11c6ee20 71b26ffe 060c5f9c 010039b0 010628a0 0x11011ef
*** WARNING: Unable to verify checksum for System.ni.dll
11c6ee4c 712c4b14 02528958 060c5f9c 11c6ee94 mscorlib_ni+0x216ffe
11c6ee5c 712c4abe 060c5fb0 02528958 060c600c System_ni+0x144b14
11c6ee94 71679260 060c5d24 7167926d 060c5d24 System_ni+0x144abe
11c6eec8 717d8373 060c5d24 11c6f3e8 712c4ce4 System_ni+0x4f9260
11c6ef14 712c4ce4 00000000 02528930 11c6ef74 System_ni+0x658373
11c6ef54 7129dbcb 098b6ac4 11c6efec 72f7eff8 System_ni+0x144ce4
11c6efa4 71b26d66 02df349c 11c6efc0 71b45681 System_ni+0x11dbcb
11c6efb0 71b45681 00000000 0dcfd2d8 11c6efd0 mscorlib_ni+0x216d66
11c6efc0 72f11b4c 766b45f1 00000000 11c6f050 mscorlib_ni+0x235681
11c6efd0 72f221f9 11c6f0a0 00000000 11c6f070 mscorwks!CallDescrWorker+0x33
11c6f050 72f36571 11c6f0a0 00000000 11c6f070 mscorwks!CallDescrWorkerWithHandler+0xa3
11c6f194 72f365a4 71a91ff0 11c6f2c8 11c6f1e8 mscorwks!MethodDesc::CallDescr+0x19c
11c6f1b0 72f365c2 71a91ff0 11c6f2c8 11c6f1e8 mscorwks!MethodDesc::CallTargetWorker+0x1f
11c6f1c8 7302a471 11c6f1e8 68e9b644 0dcfd2d8 mscorwks!MethodDescCallSite::CallWithValueTypes+0x1a
11c6f394 7302a5c6 11c6f424 68e9b194 02df34e4 mscorwks!ExecuteCodeWithGuaranteedCleanupHelper+0x9f
11c6f444 71b45577 11c6f3e8 02df17d0 01c177f8 mscorwks!ReflectionInvocation::ExecuteCodeWithGuaranteedCleanup+0x10f
提前感谢任何小费!!
更新
这是被绞死线程的托管堆栈: 我认为它看起来像memcached提供者,但还不确定我该怎么做。
0:023> !clrstack
OS Thread Id: 0xb74 (23)
ESP EIP
11c6ee38 77dc9a94 [NDirectMethodFrameStandaloneCleanup: 11c6ee38] Microsoft.Win32.Win32Native.SetEvent(Microsoft.Win32.SafeHandles.SafeWaitHandle)

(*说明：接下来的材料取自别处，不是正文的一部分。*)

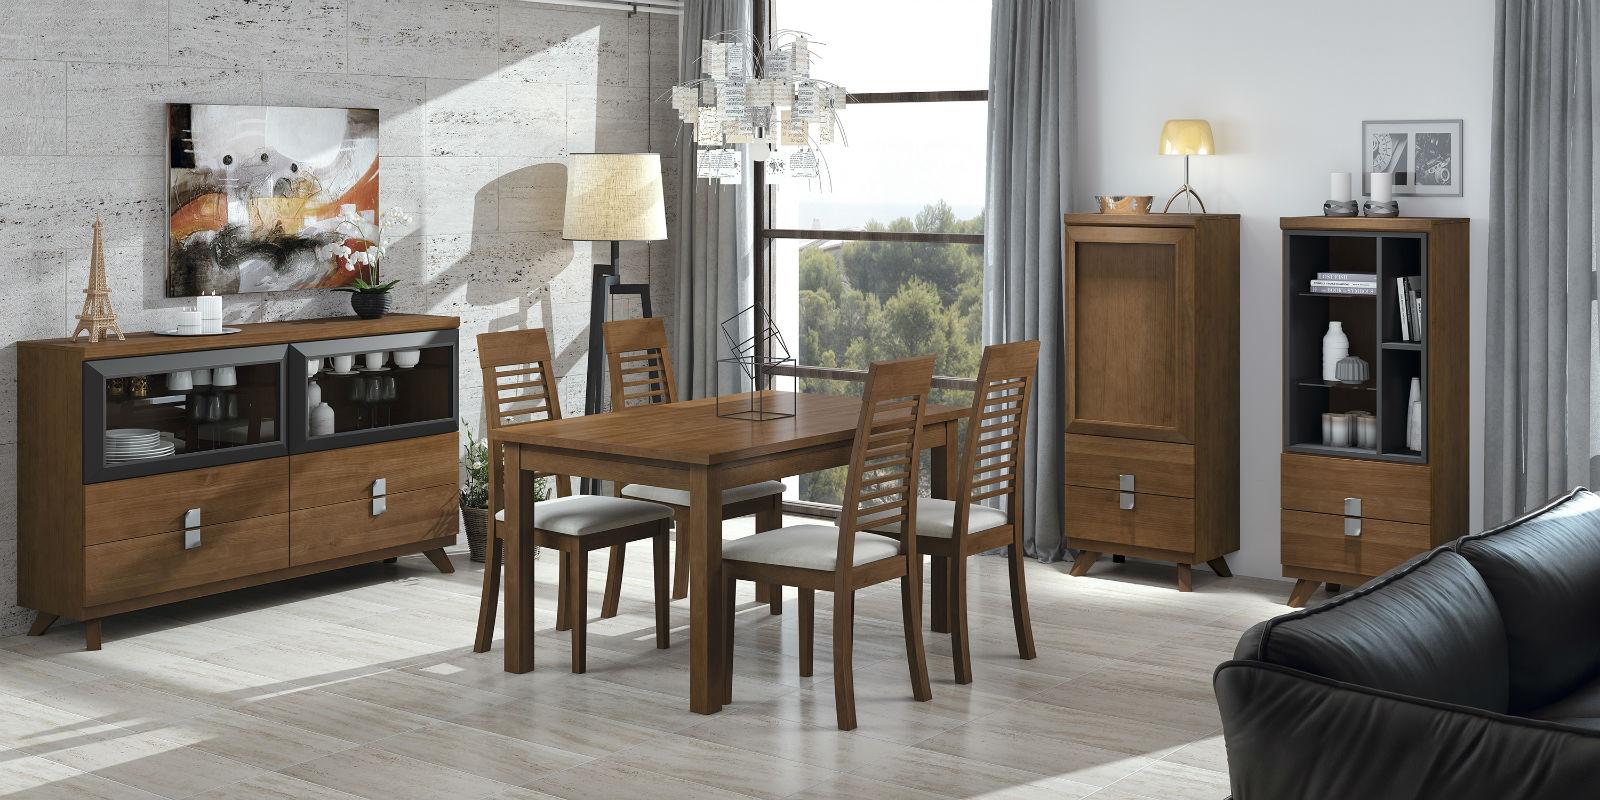 Muebles almer a muebles abrucena muebles baratos for Quiero ver comedores

11c6ee48 71b26ffe System.Threading.EventWaitHandle.Set()
11c6ee54 712c4b14 System.Net.TimerThread.Prod()
11c6ee64 712c4abe System.Net.TimerThread+TimerQueue.CreateTimer(Callback, System.Object)
11c6eea0 71679260 System.Net.ConnectionPool.CleanupCallbackWrapper(Timer, Int32, System.Object)
11c6eed4 717d8373 System.Net.TimerThread+TimerNode.Fire()
11c6ef1c 712c4ce4 System.Net.TimerThread+TimerQueue.Fire(Int32 ByRef)
11c6ef5c 7129dbcb System.Net.TimerThread.ThreadProc()
11c6efac 71b26d66 System.Threading.ThreadHelper.ThreadStart_Context(System.Object)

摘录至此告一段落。